Wednesday Jan 12, 2022
The Alleged Isaiah Seal - Christopher Rollston
Wednesday Jan 12, 2022
Wednesday Jan 12, 2022
Episode: We discuss the alleged Isaiah Bulla (clay seal impression) with one of the finest epigraphers in the field. The seal was found by the Temple Mount in 2009 by Eilat Mazar, and first announced in Biblical Archaeology Review last month (February, 2018). Matt L. and Dru J. discuss the find with Prof. Christopher Rollston, who urges caution when making bold claims about the seal's link to the biblical prophet Isaiah. We also discuss our desire to make connections between archaeology and the bible, and for a material connection with the past.

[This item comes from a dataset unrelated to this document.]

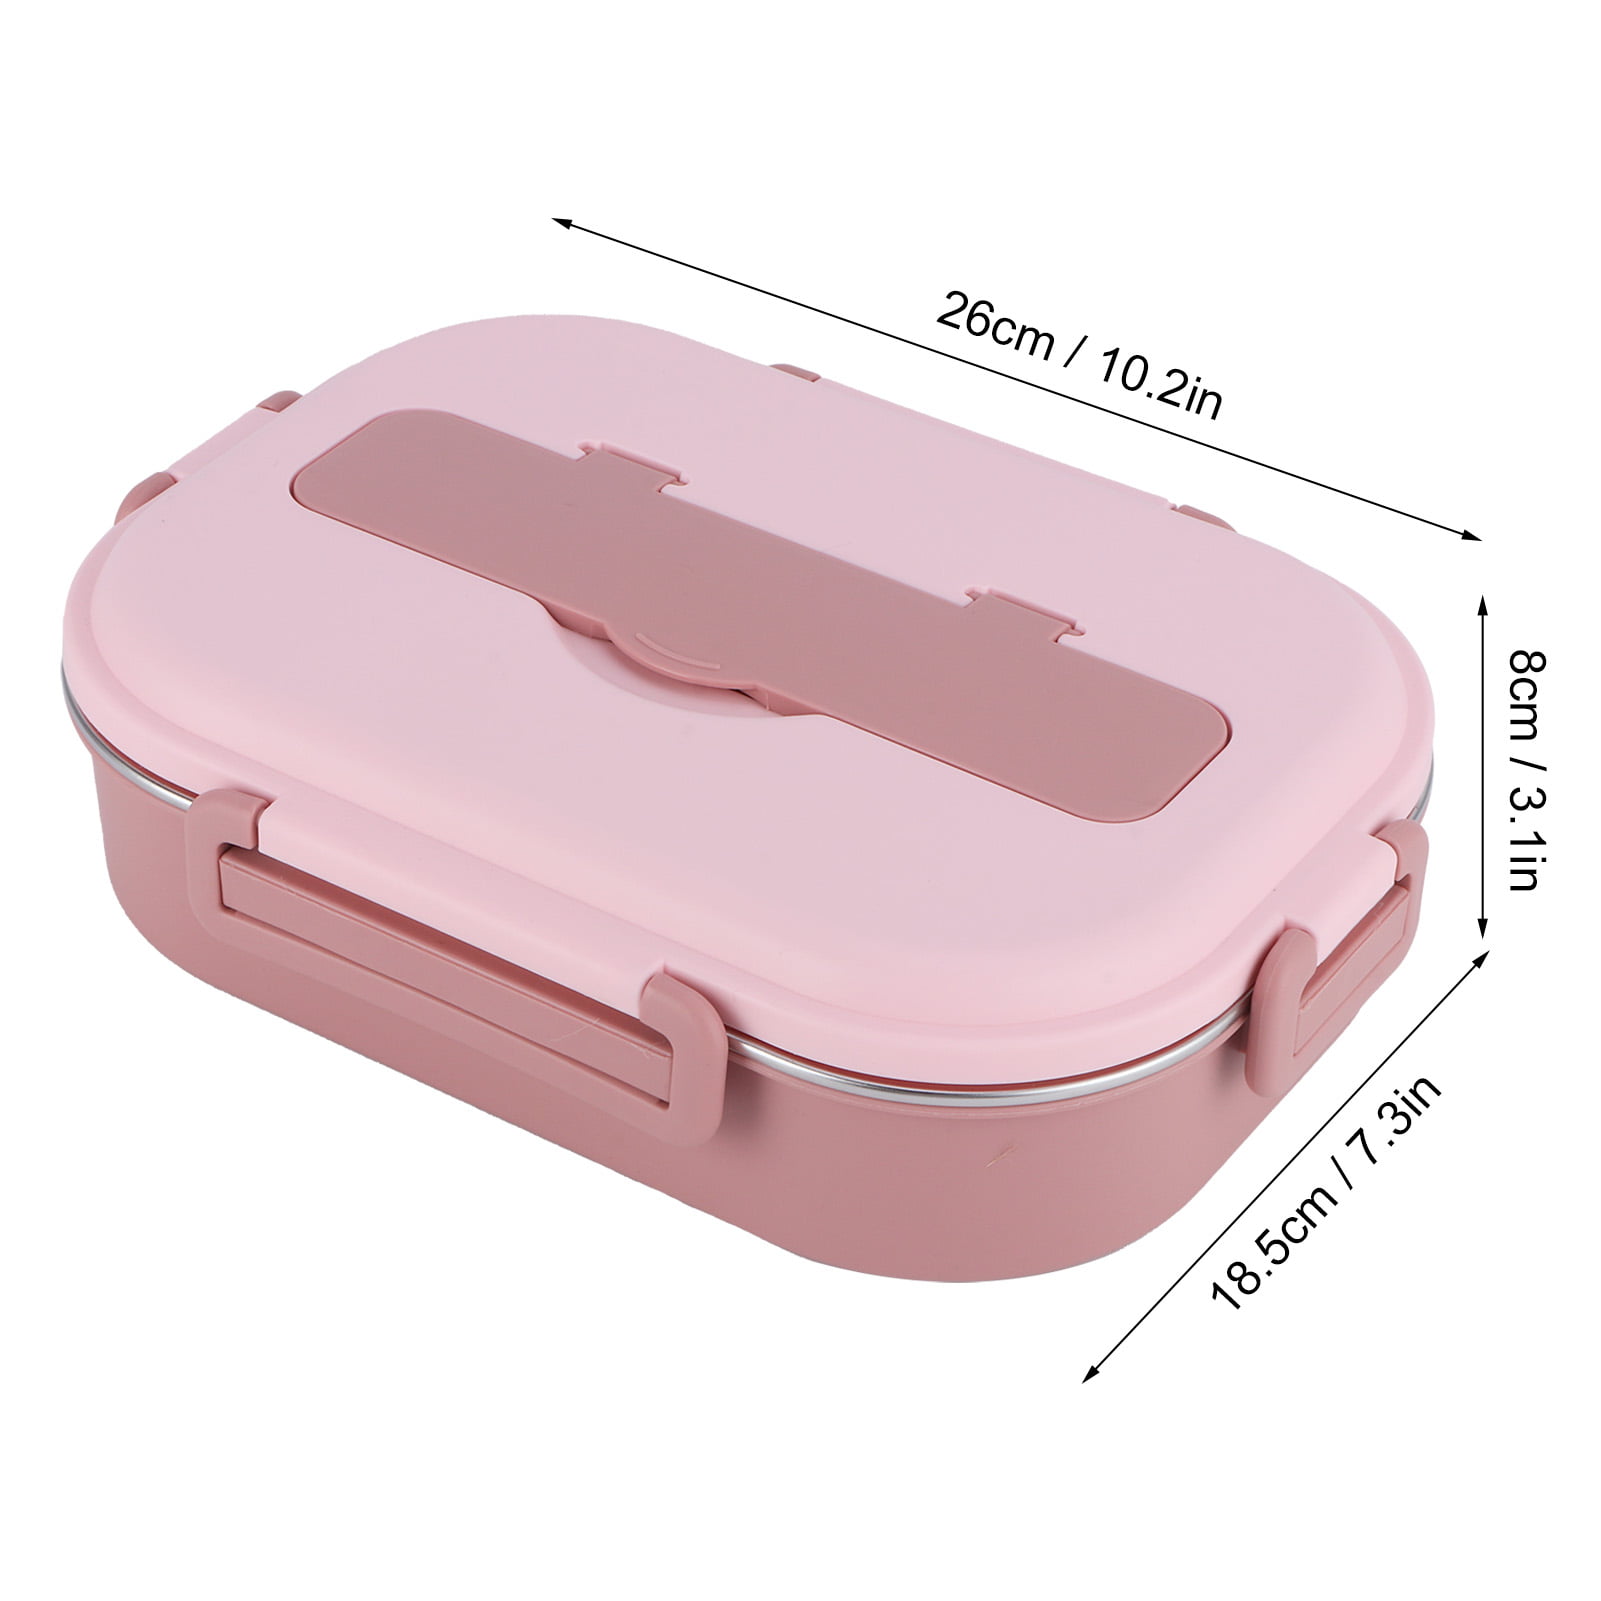 Lunch Box for Kids & Adults - Stainless Steel / ABS – Pink & Blue

Guest: Professor Rollston is Associate Professor of Northwest Semitic languages and literatures at George Washington University. Rollston works in more than a dozen ancient and modern languages, including various ancient Semitic languages (e.g., Hebrew, Phoenician, Aramaic, Palmyrene, Nabataean, Ammonite, Moabite, Edomite, Ugaritic, Akkadian), several ancient and modern Indo-European languages (e.g., Hellenistic Greek, Classical Latin; Modern German, French, Spanish, and Italian), as well as Sahidic Coptic. He is the author of Enemies and Friends of the State: Ancient Prophecy in Context (Eisenbrauns), Writing and Literacy in the World of Ancient Israel: Epigraphic Evidence from the Iron Age (Atlanta: Society of Biblical Literature, 2010), which was selected by the American Schools of Oriental Research (in November 2011) as the recipient of the prestigious “Frank Moore Cross Prize for Northwest Semitic Epigraphy,” a prize named for the late Harvard University Professor Frank Cross. He has also edited several volumes. Needless to say, he's very accomplished in his field! (adapted from the GWU website).